Lawyers for Hendrik Pistorius & Co, which deals with agricultural lime and which was founded by Pistorius's grandfather, appeared before the Competition Tribunal.

This after the Competition Commission filed an application to have the company, along with eight other respondents, fined for allegedly being part of a price-fixing cartel from 1995 to May 2008.

The commission alleges that the respondents agreed or entered into a concerted practice to fix the commissions payable by each of them to fertiliser companies who employ agents to market, sell and distribute agricultural lime.

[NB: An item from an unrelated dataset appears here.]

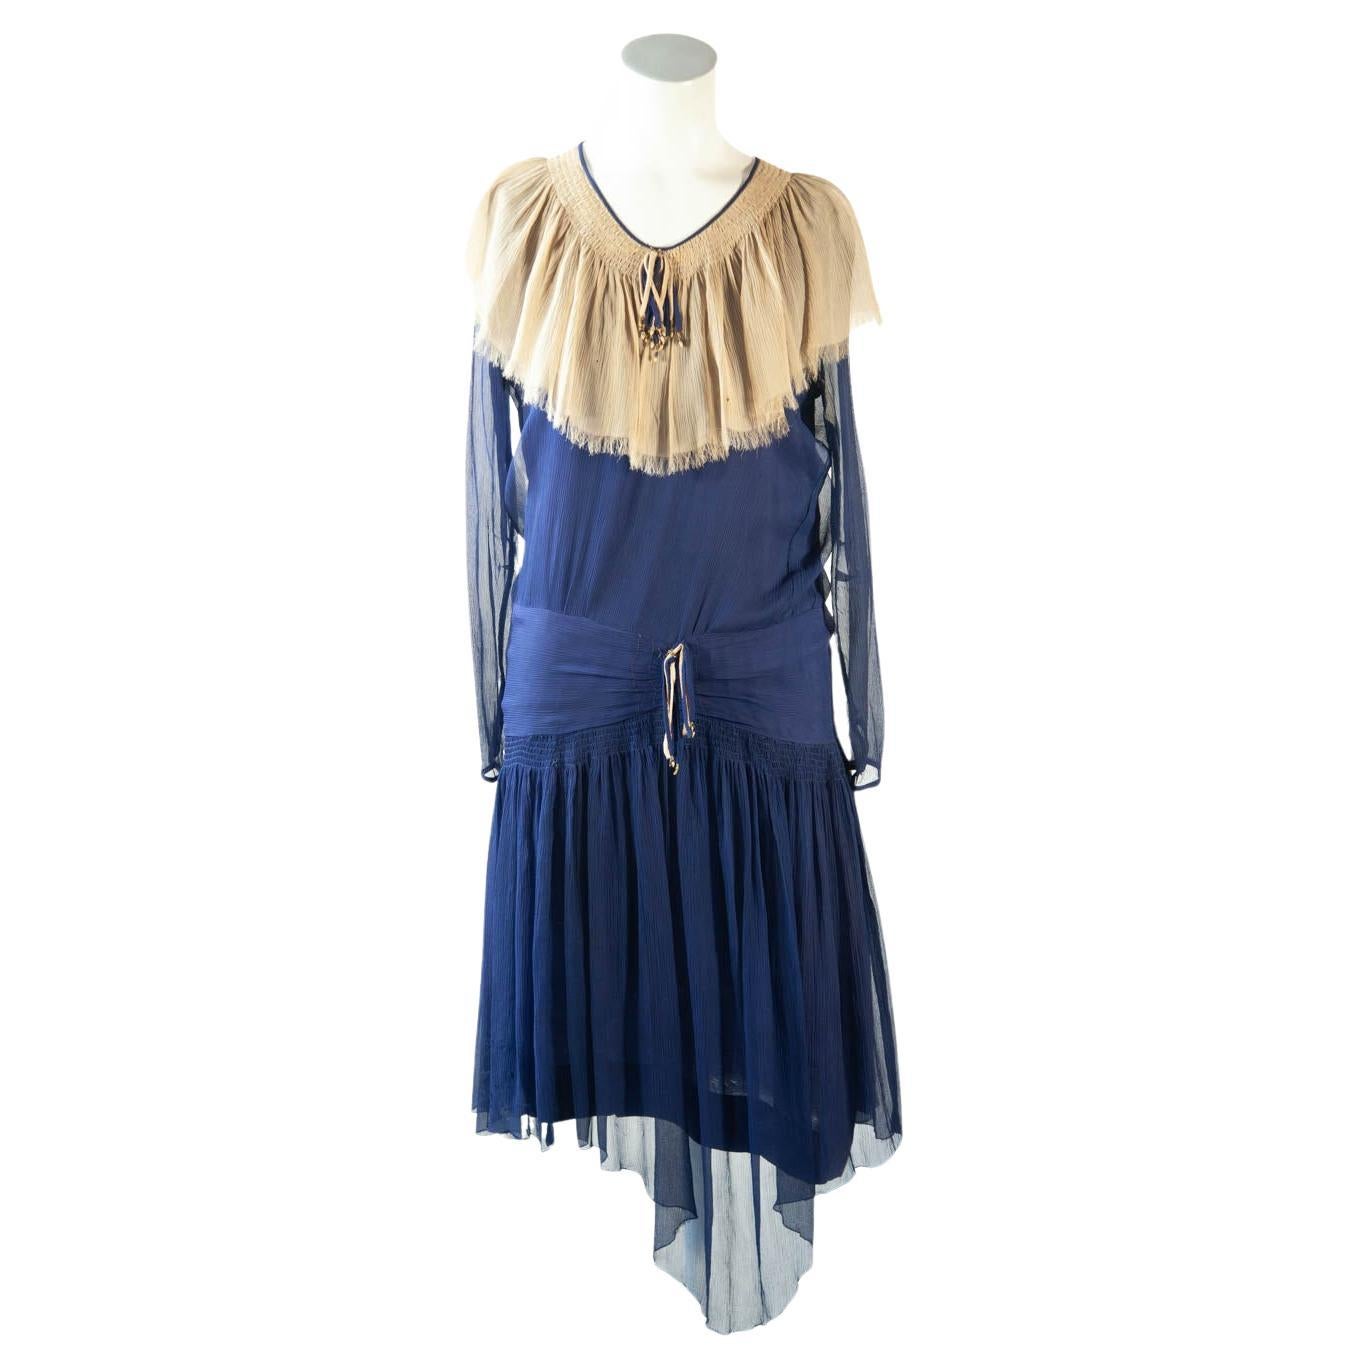 Very Vintage Original 1920s Silk Chiffon Blue Dress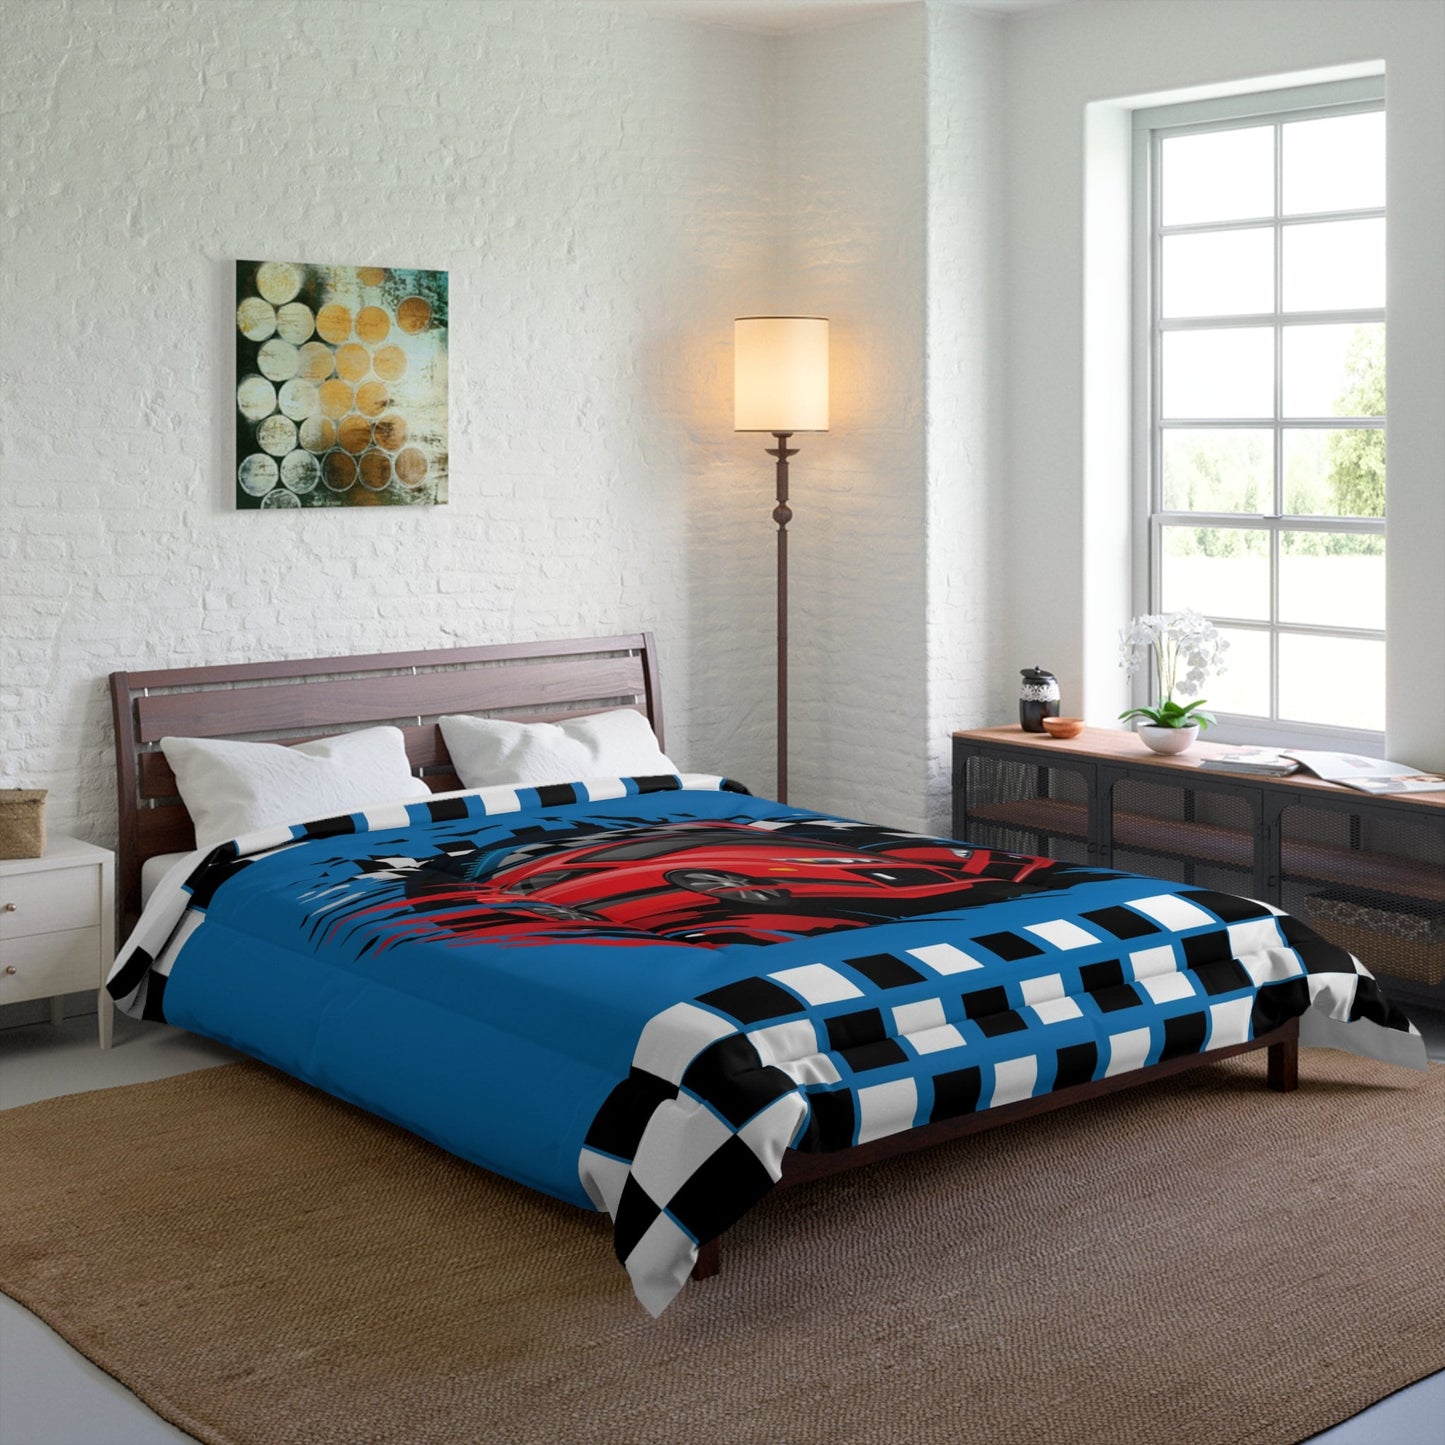 Car Racing Comforter or Duvet Cover kids bedding racetrack themed bedroom

Agricultural lime, also known as Aglime, is a soil additive that is produced from pulverised limestone or chalk. The purpose of the liming is to address soil acidity, meaning that it increases the pH of the soil from acidic to neutral, thereby rendering more nutrients, already in the soil, to be available to plants.

"The respondents contravened section 4(1)(b)(i) of the [Competition] Act by entering into agreements and/or concerted practice to fix the amounts of the agents' commissions," said the commission in its founding affidavit after a complaint of price fixing was lodged.

They want an administrative penalty of 10% of the company's turnover over the period of the alleged price-fixing or an amount as determined by the Tribunal.

Amendments

The Competition Tribunal's Chantelle Benjamin told Fin24 that lawyers for the Pistorius family wanted the matter to be thrown out. They argued that the charges fell outside of the seven years allowed for prosecution.

However, the tribunal granted the commission a postponement so that it could make amendments to the matter.

Benjamin said these included changing the charges to the name of the trading company, which is the Hendrik Pistorius Trust, and to indicate that the transgressions took place until 2009. 

No date has been set for the matter to resume. 

Oscar Pistorius shot and killed his girlfriend Reeva Steenkamp in his Pretoria home on Valentine's Day in 2013, claiming he mistook her for an intruder hiding in his toilet.

He served one-sixth of his five-year sentence for culpable homicide in prison. He was released in October last year to serve the remainder under correctional supervision at his uncle's Pretoria home.

The State approached the Supreme Court of Appeal to have the conviction of culpable homicide set aside. On December 3 last year, the court found in favour of the State and found him guilty of murder.

Pistorius now faces a minimum sentence of 15 years and will hear his fate when sentencing proceedings commence on June 13.